**AIM OF THE EXERCISE:** Quote the listing below in full and exactly as written, but omit every picture.

**SOURCE MATERIAL:**
------
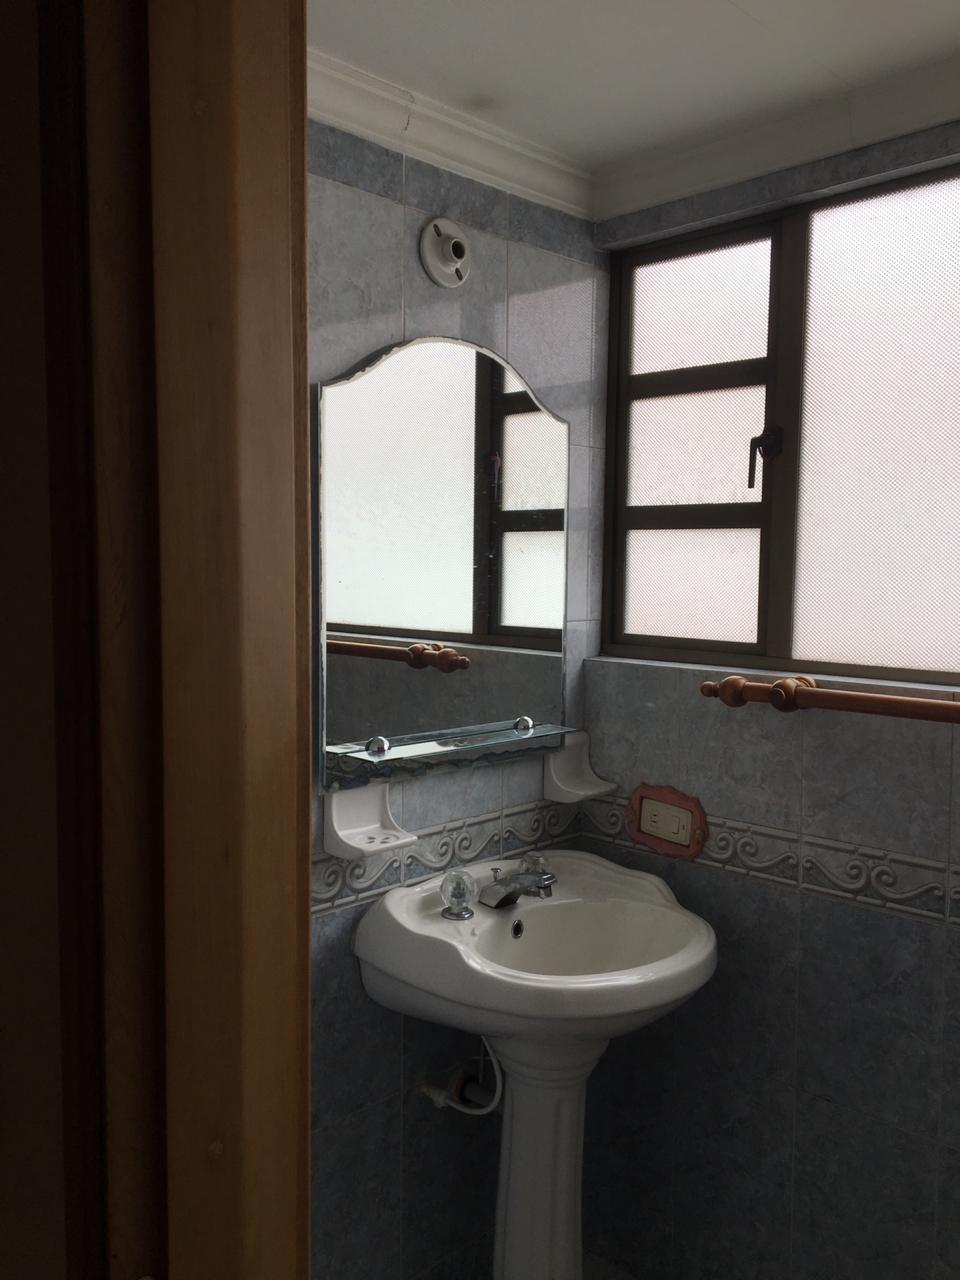 3 DIAGONAL 3 9 02, MOSQUERA, Cundinamarca, 4 Habitaciones Habitaciones, ,3 BathroomsBathrooms,Casa,Venta,QUINTAS DEL MARQUEZ,DIAGONAL 3,3,1147
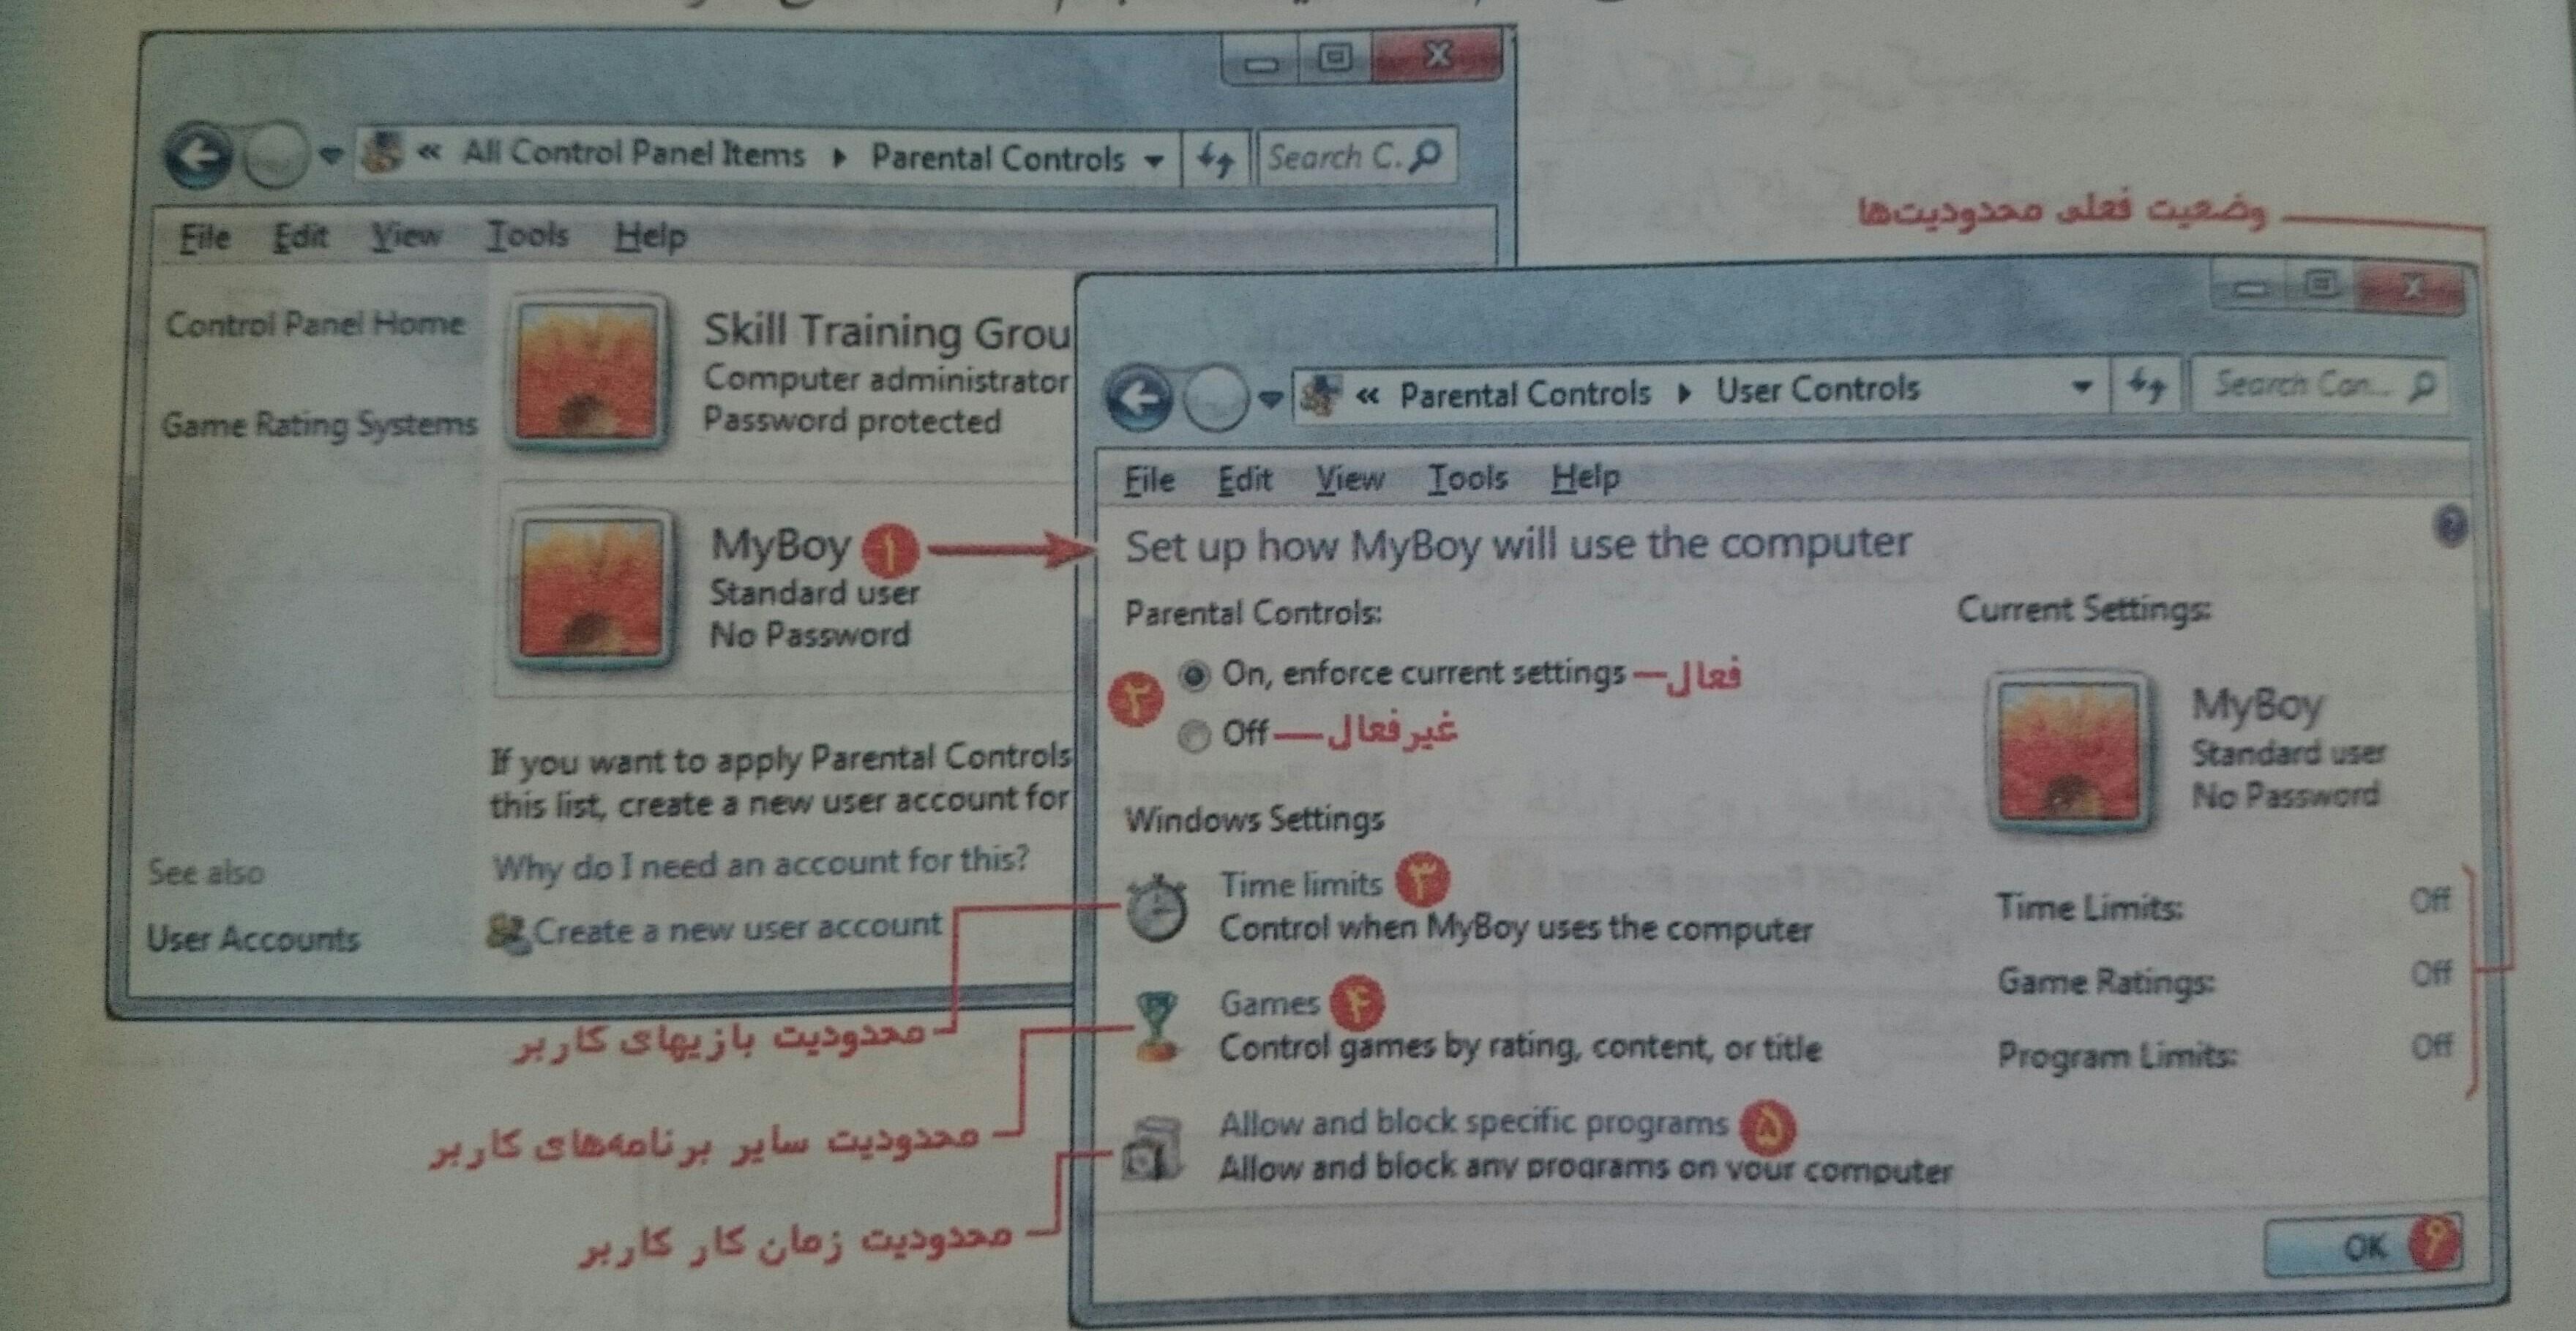 محدود کردن فعالیت های رایانه ای کودکان
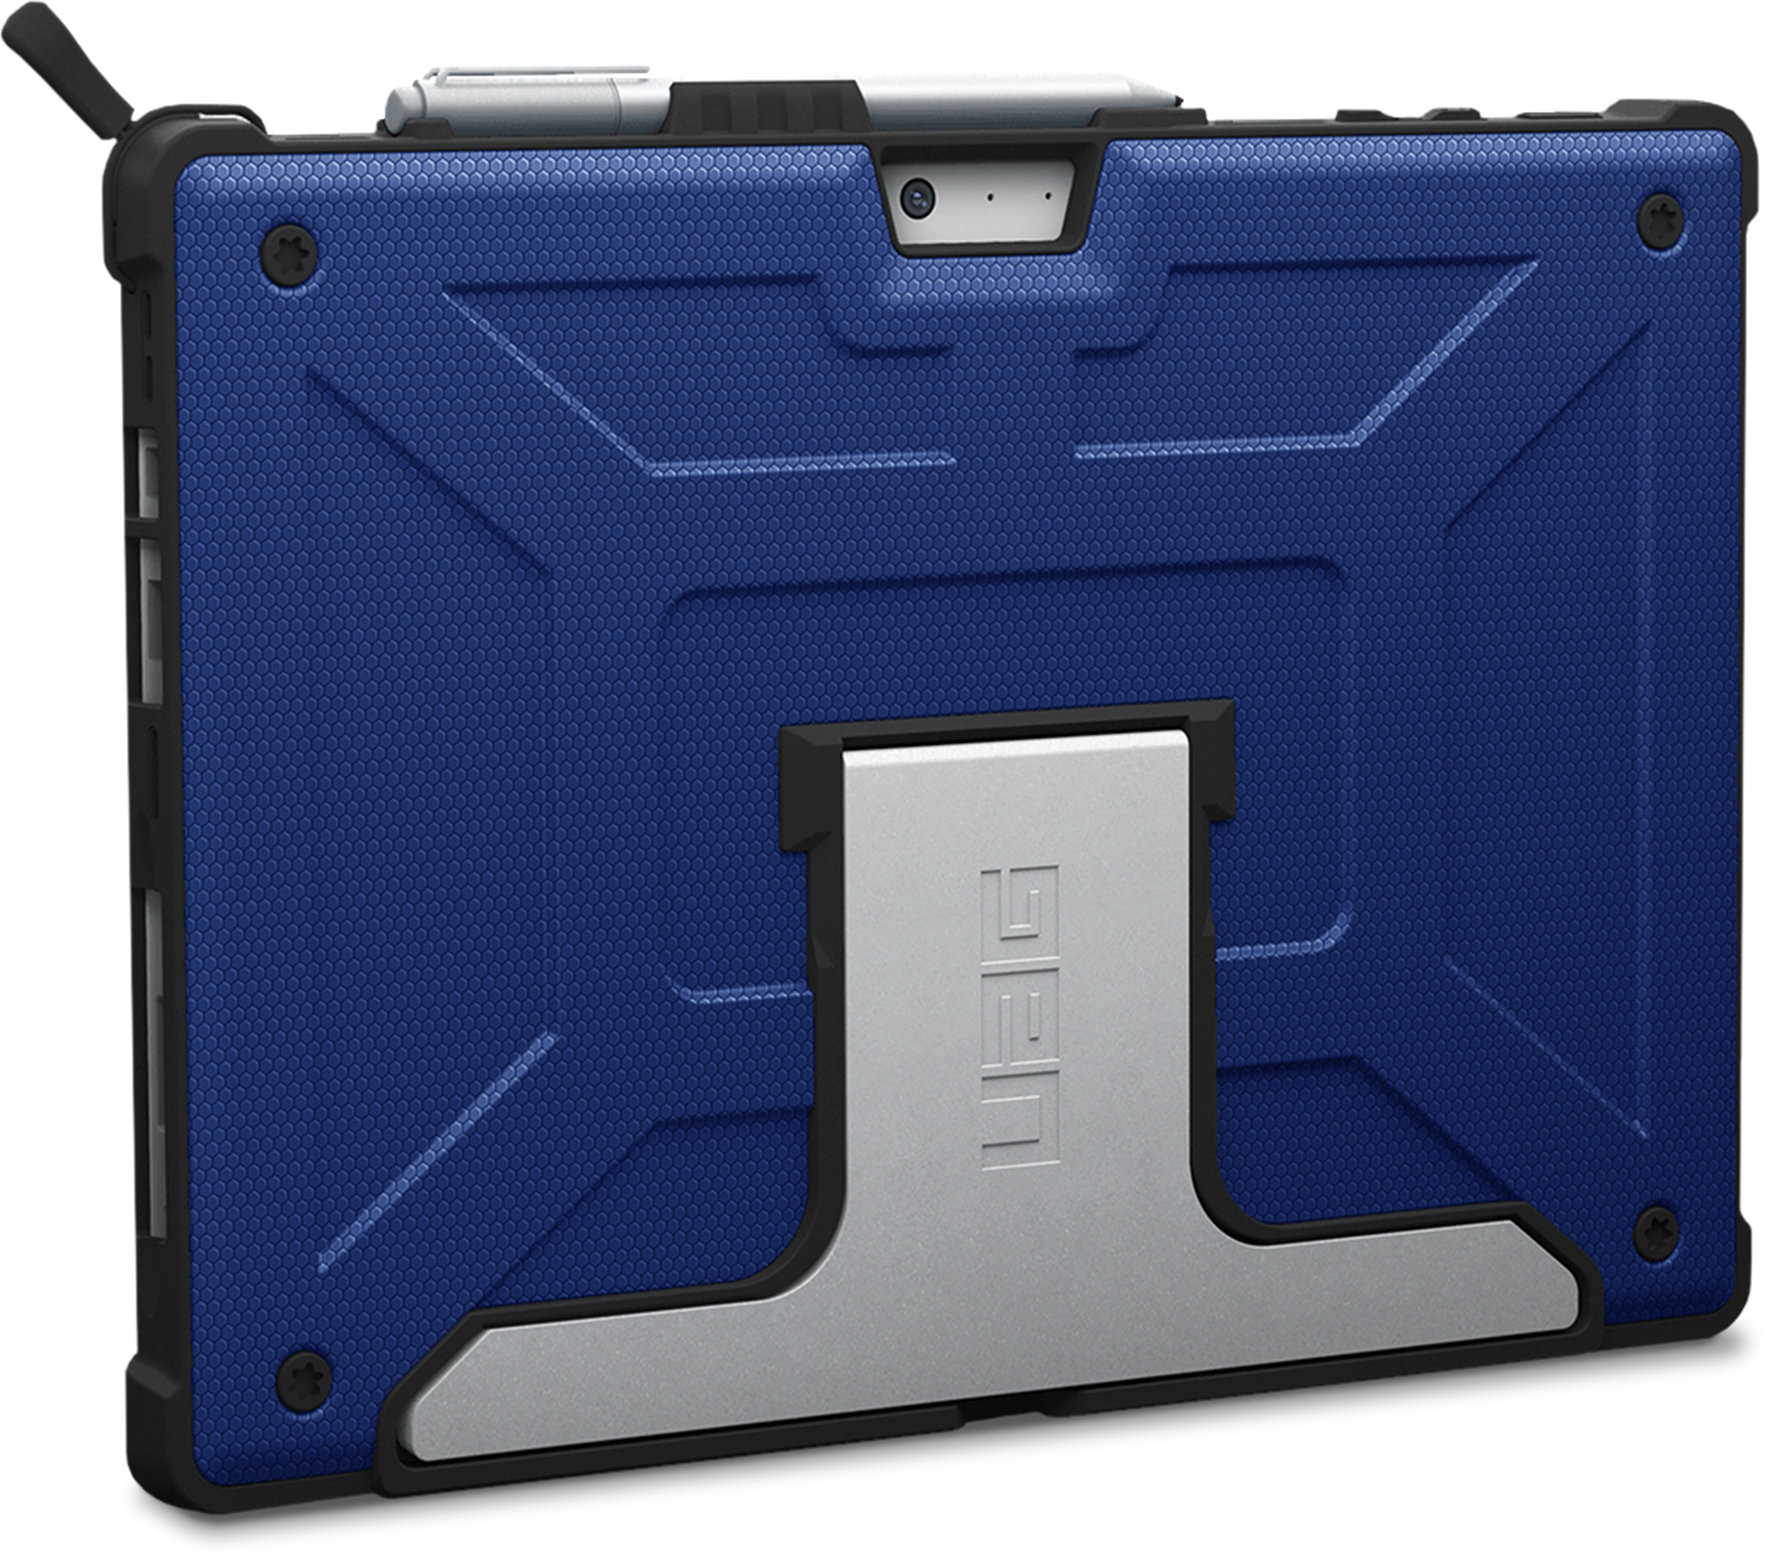 15b607167cd Acheter Étui UAG pour Surface Pro - Microsoft Store fr-FR
------
**WRITTEN RESPONSE:**
 3 DIAGONAL 3 9 02, MOSQUERA, Cundinamarca, 4 Habitaciones Habitaciones, ,3 BathroomsBathrooms,Casa,Venta,QUINTAS DEL MARQUEZ,DIAGONAL 3,3,1147
 محدود کردن فعالیت های رایانه ای کودکان
 15b607167cd Acheter Étui UAG pour Surface Pro - Microsoft Store fr-FR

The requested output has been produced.